Lejos de dar cualquier tipo de tregua, la crisis que vive el mercado de deuda se acentúa y marca nuevos récords. Y de nuevo -y aunque ningún título escapa a la presión por la renta fija- los bonos con rentabilidades a plazos más largos son los que más preocupación generan.
En esta ocasión el bono estadounidense a 30 años vuelve a ser el protagonista. El interés del 30-Year Treasury o long bond -como se conoce a esta referencia- acaba de cumplir dos meses por encima del 5%. Lleva desde el pasado 7 de julio superando dicho umbral y ya acumula 62 días por encima del mismo.
Con este hito, el bono de EEUU a 30 años también supera la última gran racha de referencia por encima de este nivel, la del 2007. En aquella ocasión la rentabilidad del papel se mantuvo por encima del 5% desde el 25 de mayo hasta el 25 de julio, un total de 61 días.
En dicho intervalo, el interés del papel estadounidense a 30 años llegó a tocar el 5,395%. Es el último máximo que tiene como referencia el long bond tras las últimas alzas y que no ha llegado a superar aún en este ciclo alcista, donde el pico se ha situado en el 5,31%.
Para superar un nuevo récord en lo que a racha de interés por encima del 5% se refiere hay que remontarse un año atrás. El bono de EEUU a 30 años se mantuvo por encima de dicha cota entre el 12 de abril y el 3 de agosto de 2006. En total acumuló 113 días superando este nivel.
A diez años
Por otro lado, y aunque la mayor presión de la actual tormenta en el mercado de deuda recae en los tramos más largos de la curva de tipos, es decir, en los bonos a más largo plazo, la rentabilidad del bono estadounidense a 10 años se aproxima, poco a poco, al 5%.
De hecho, el interés de este tipo de papel está a unos 20 puntos básicos de alcanzar dicho umbral. Por el momento coquetea con el 4,8% y en este tiempo ha llegado a alcanzar máximos desde hace casi tres años tras repuntar un 8% desde julio.
En octubre de 2023 llegó a tocar el 4,9% y acumuló catorce días por encima del 4,8%. La rentabilidad del bono estadounidense a una década no alcanza el 5% desde julio de 2007.
Con todo, los analistas siguen insistiendo en diferenciar los catalizadores de los bonos a distintos vencimientos.

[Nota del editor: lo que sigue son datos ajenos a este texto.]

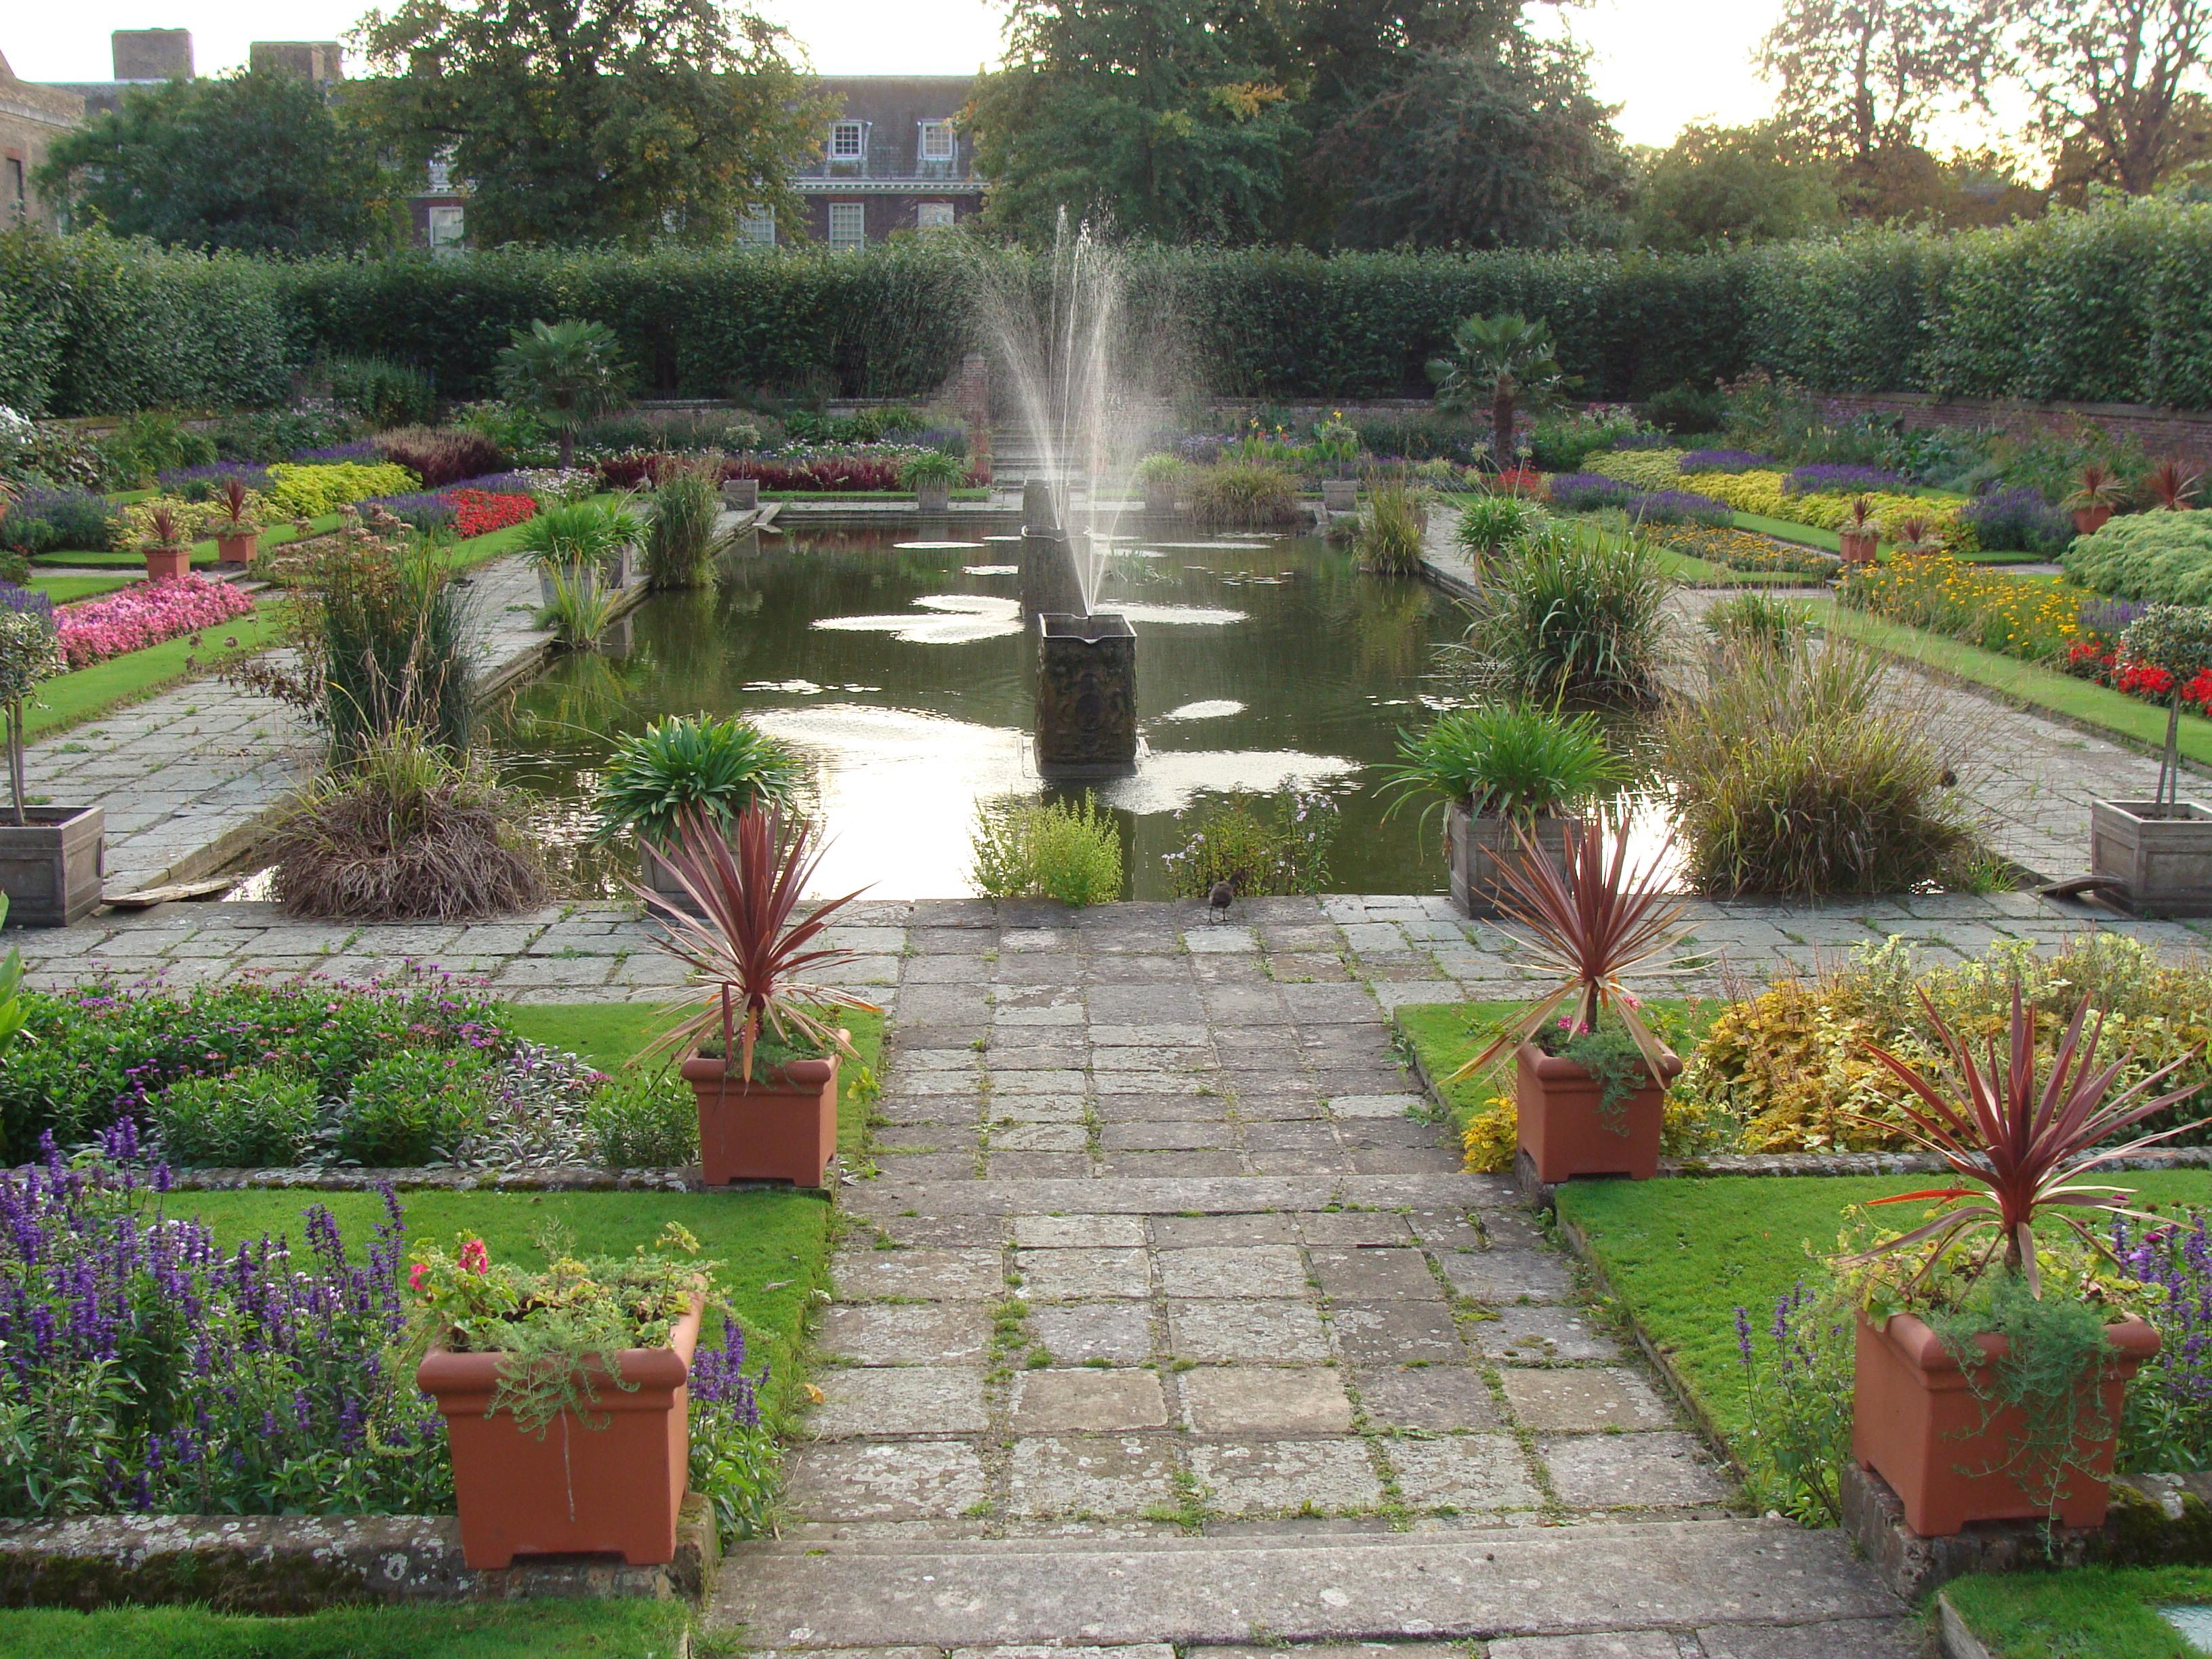 The_Sunken_Gardens

Como explican desde XTB, aunque la presión en el mercado de deuda responde a un "componente global", en los tramos cortos -es decir, en los bonos a más corto plazo- dominan las expectativas sobre los bancos centrales.
Por el contrario, la rentabilidad de los bonos a plazo más largo no sólo depende de esta guía -que también- si no que, además, está condicionada por otros factores como los déficits públicos, las crecientes necesidades de emisión de deuda y la prima exigida por prestar dinero durante décadas, es decir, el extra que exigen los inversores por dejar dinero con un horizonte temporal tan amplio.
En este sentido, Mabrouk Chetouane, el analista global de mercados de Natixis advierte de que los factores que determinan el rumbo de los mercados de deuda globales en la actualidad no son favorables.
Así, el analista señala que los inversores han perdido el forward guidance de los bancos centrales -la orientación futura de intención de decisiones sobre política monetaria-, que las expectativas de una inflación creciente siguen en aumento con el desarrollo de la guerra en Irán y la reaparición constante de tensiones en Oriente Próximo y que el crecimiento mundial no muestra signos de desaceleración.
Esto genera una continua necesidad de financiación para los Estados, que ya se ha visto materializada en los déficits de las grandes economías mundiales. De hecho, la deuda estadounidense ha superado la barrera de los 40 billones de dólares por primera vez en su historia.
Con todo, desde la gestora apuntan a un factor añadido, la aparición de nuevos emisores de deuda. Las tecnológicas estadounidenses buscan financiar sus grandes inversiones en IA y esto presiona al alza la rentabilidad de la deuda pública porque emisores públicos y privados compiten por captar un mismo ahorro.